* **WORK ORDER**
Copy the data verbatim and leave out every picture.

* **DATA BELOW**
--------------------------------------------------

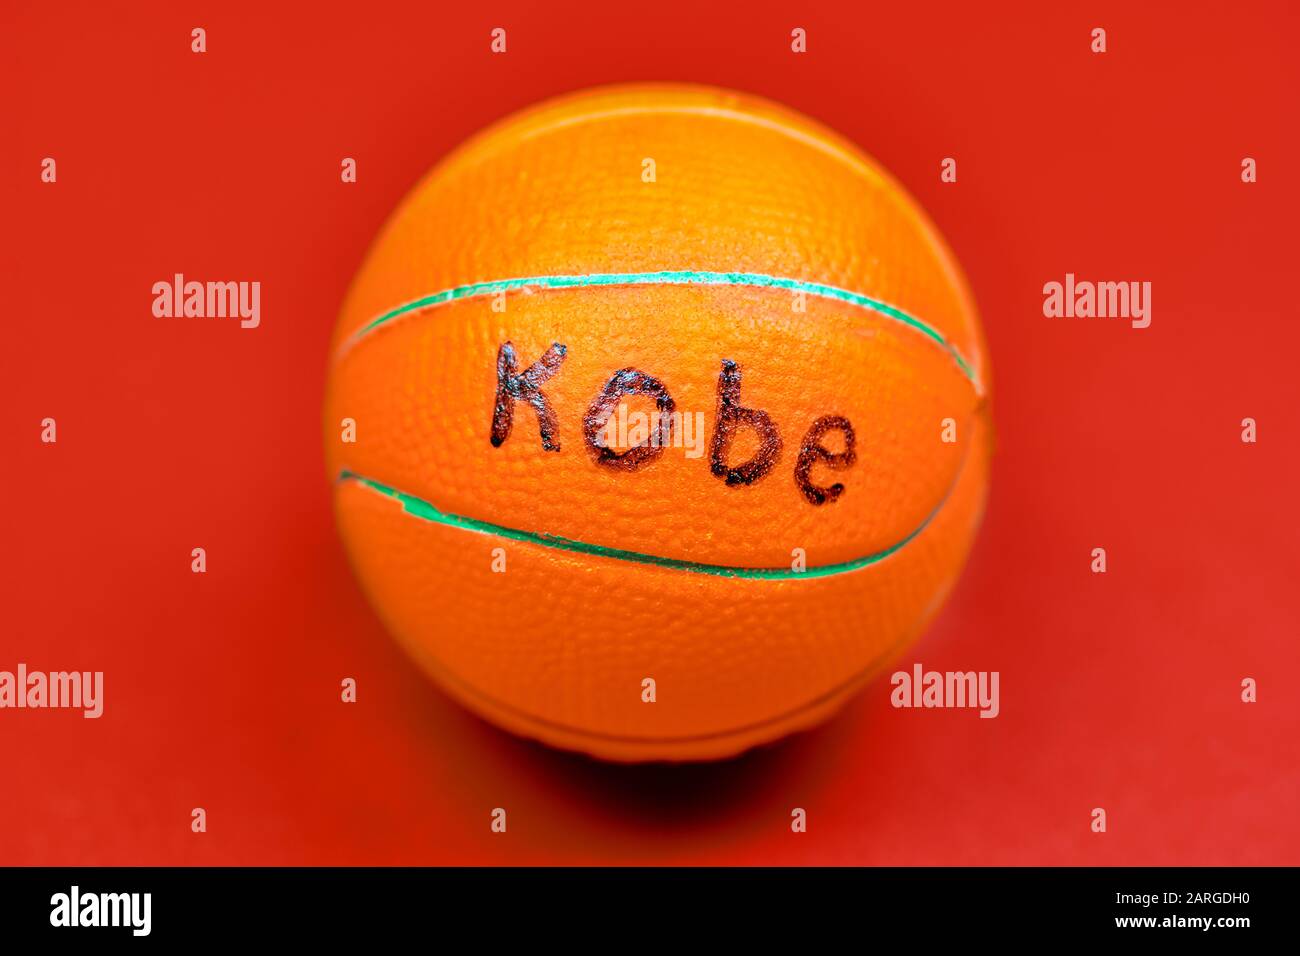 Basketball ball with KOBE text, red background. Famous basketball player concept. Stock Photo
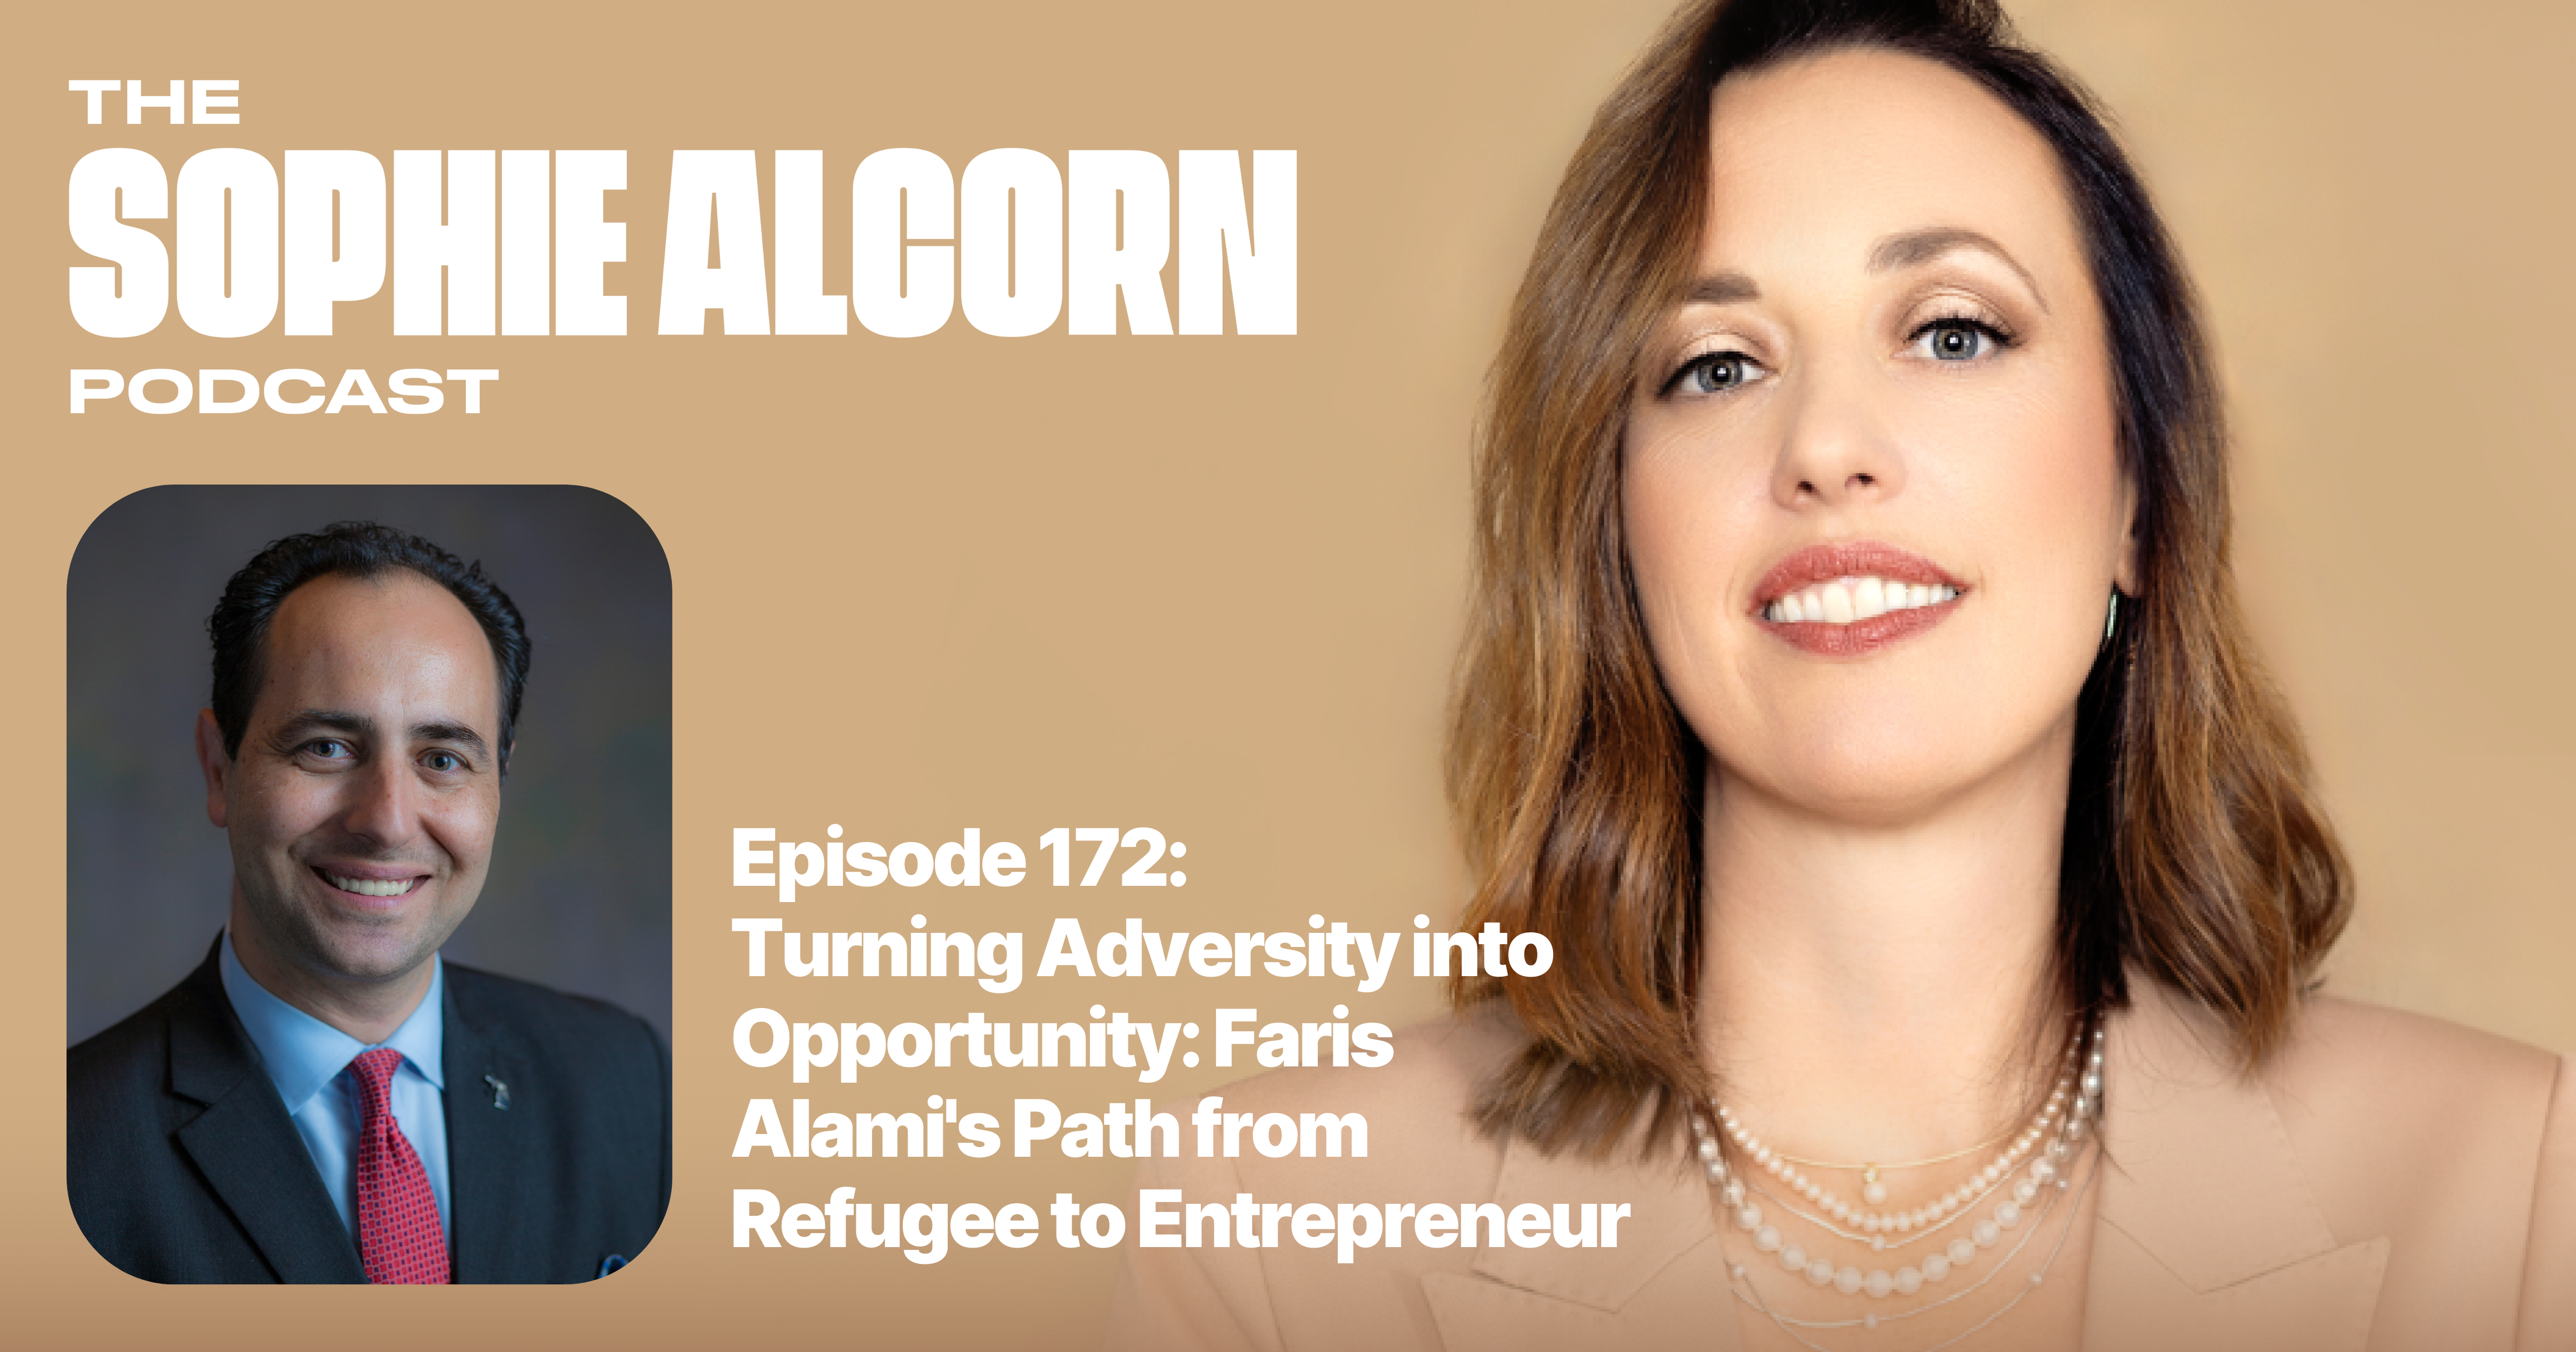 Faris Alami speaks with Sophie Alcorn on the Sophie Alcorn Podcast.
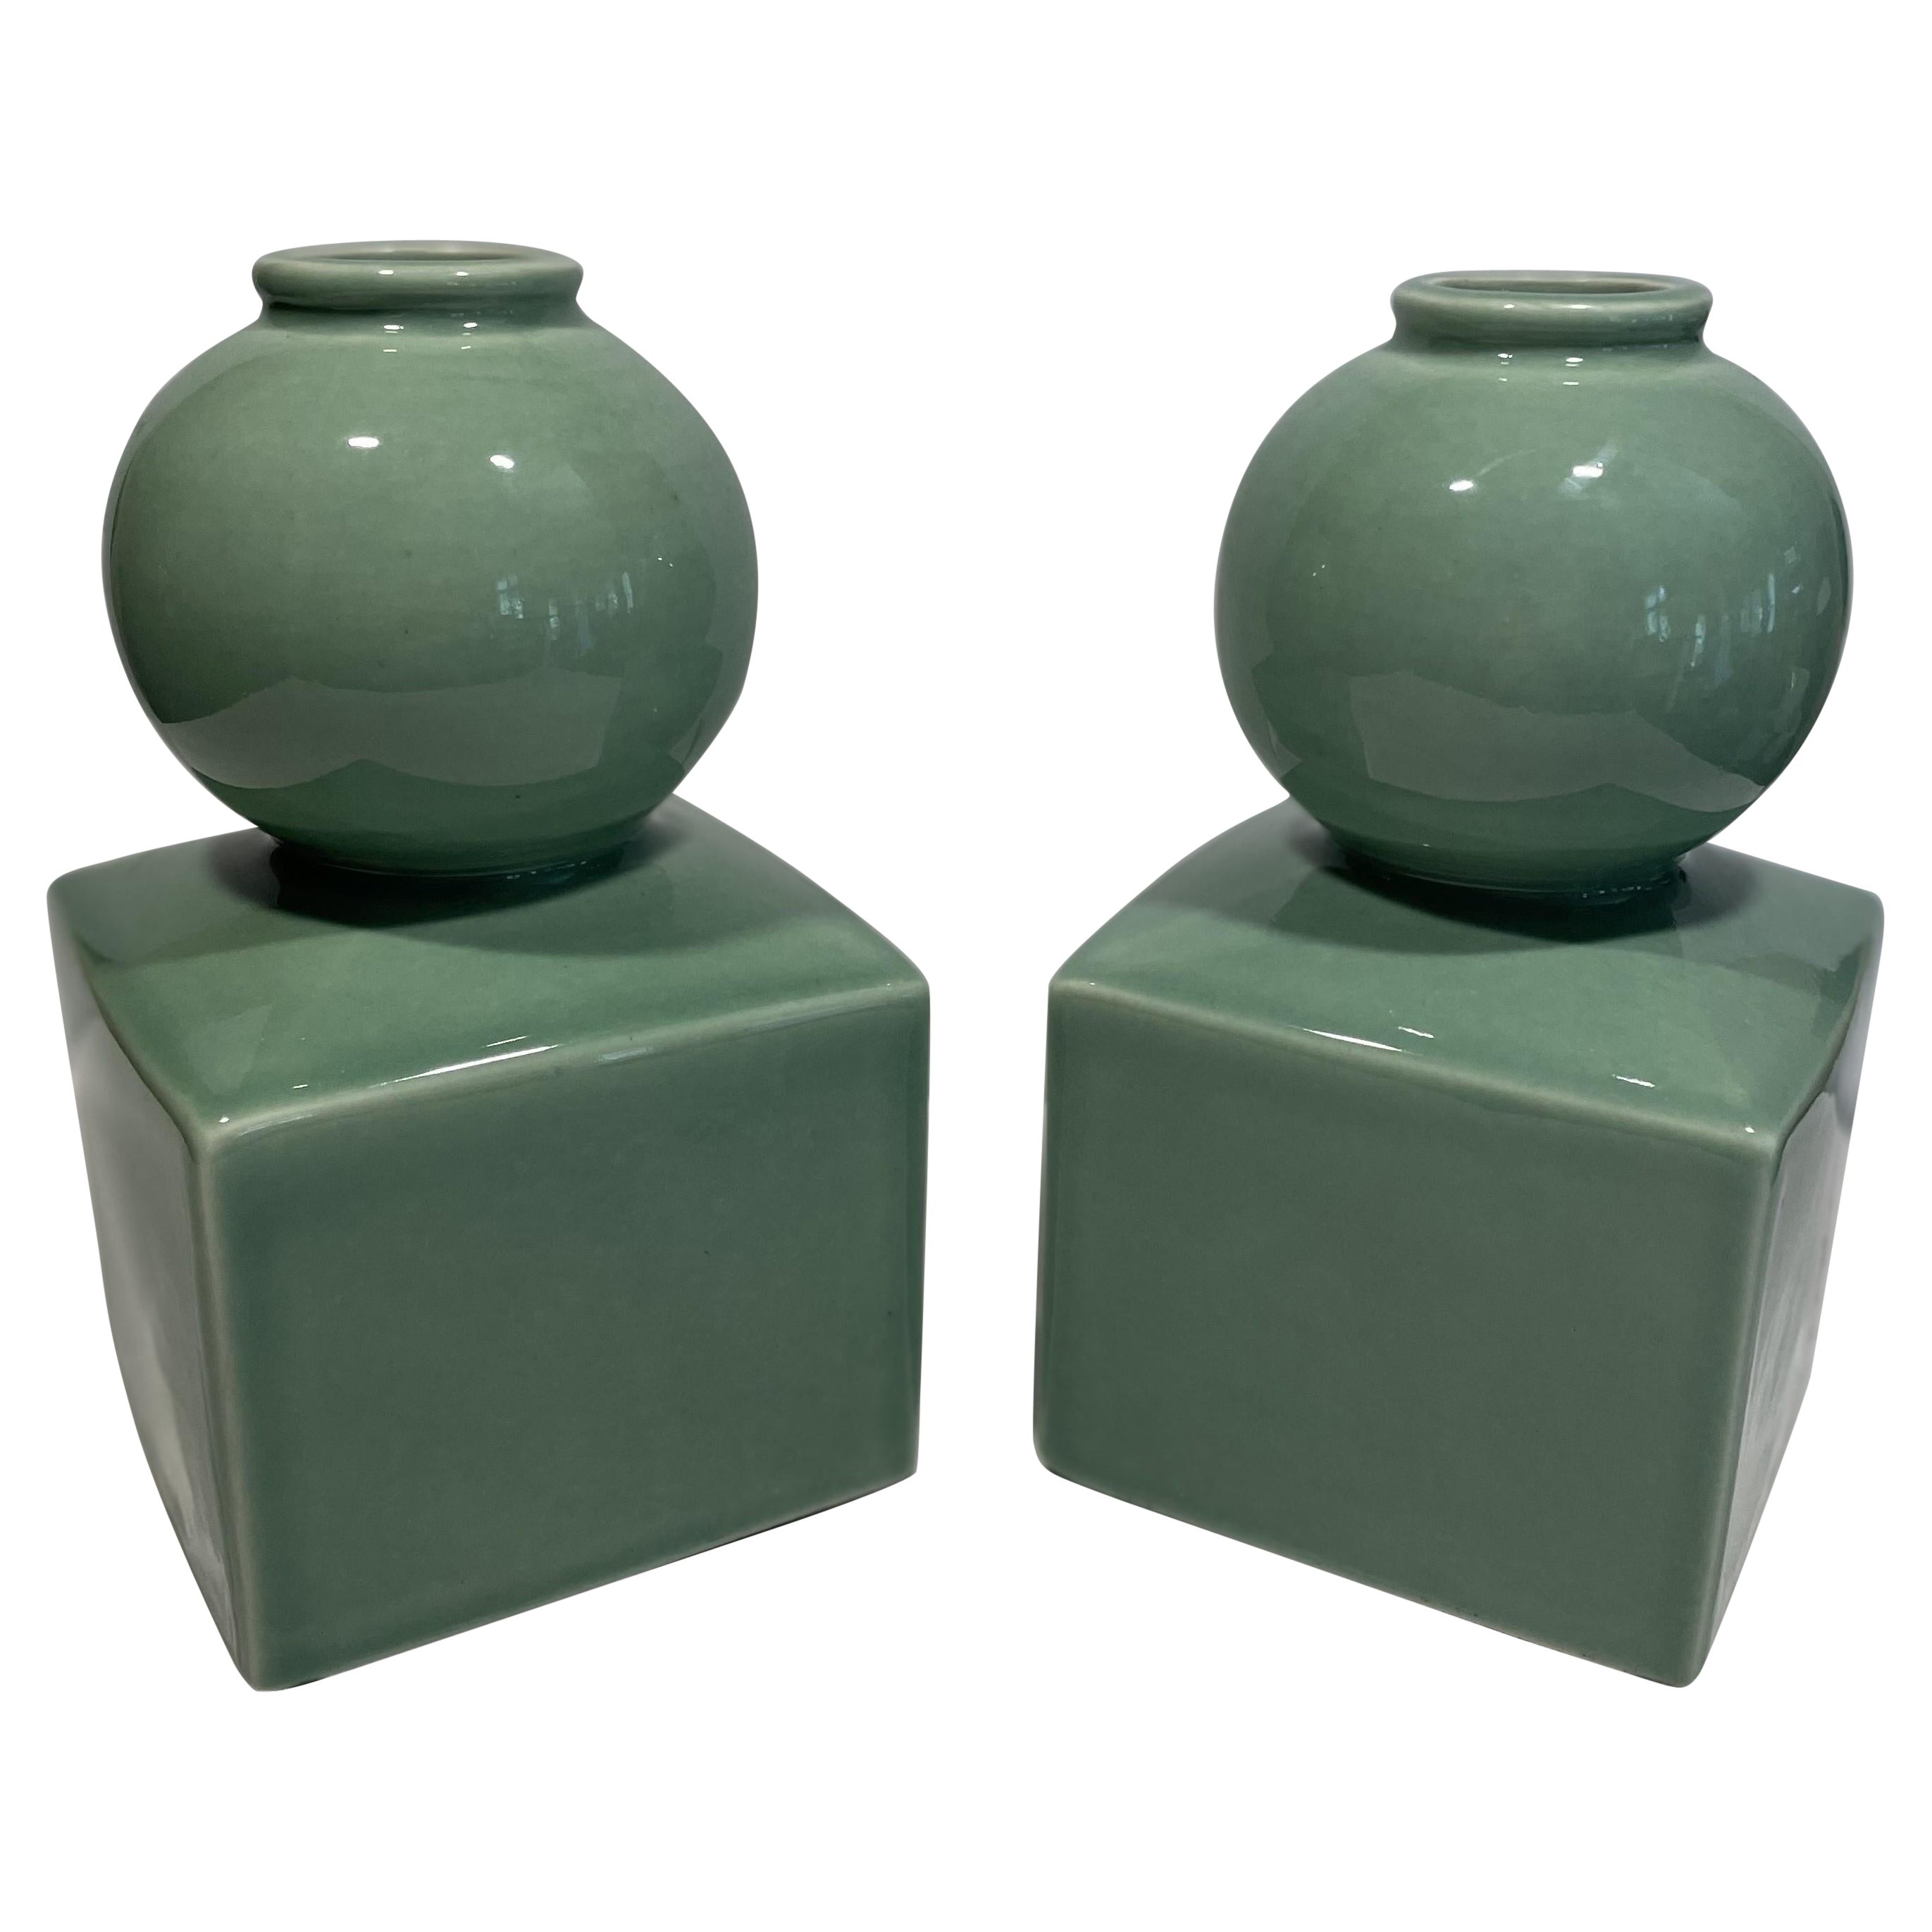 Celadon Ceramic Vases or Bookends Attributed to Serena & Lily -- A Pair For Sale

--------------------------------------------------

* **RESPONSE BOX**
 Basketball ball with KOBE text, red background. Famous basketball player concept. Stock Photo
 Faris Alami speaks with Sophie Alcorn on the Sophie Alcorn Podcast.
 Celadon Ceramic Vases or Bookends Attributed to Serena & Lily -- A Pair For Sale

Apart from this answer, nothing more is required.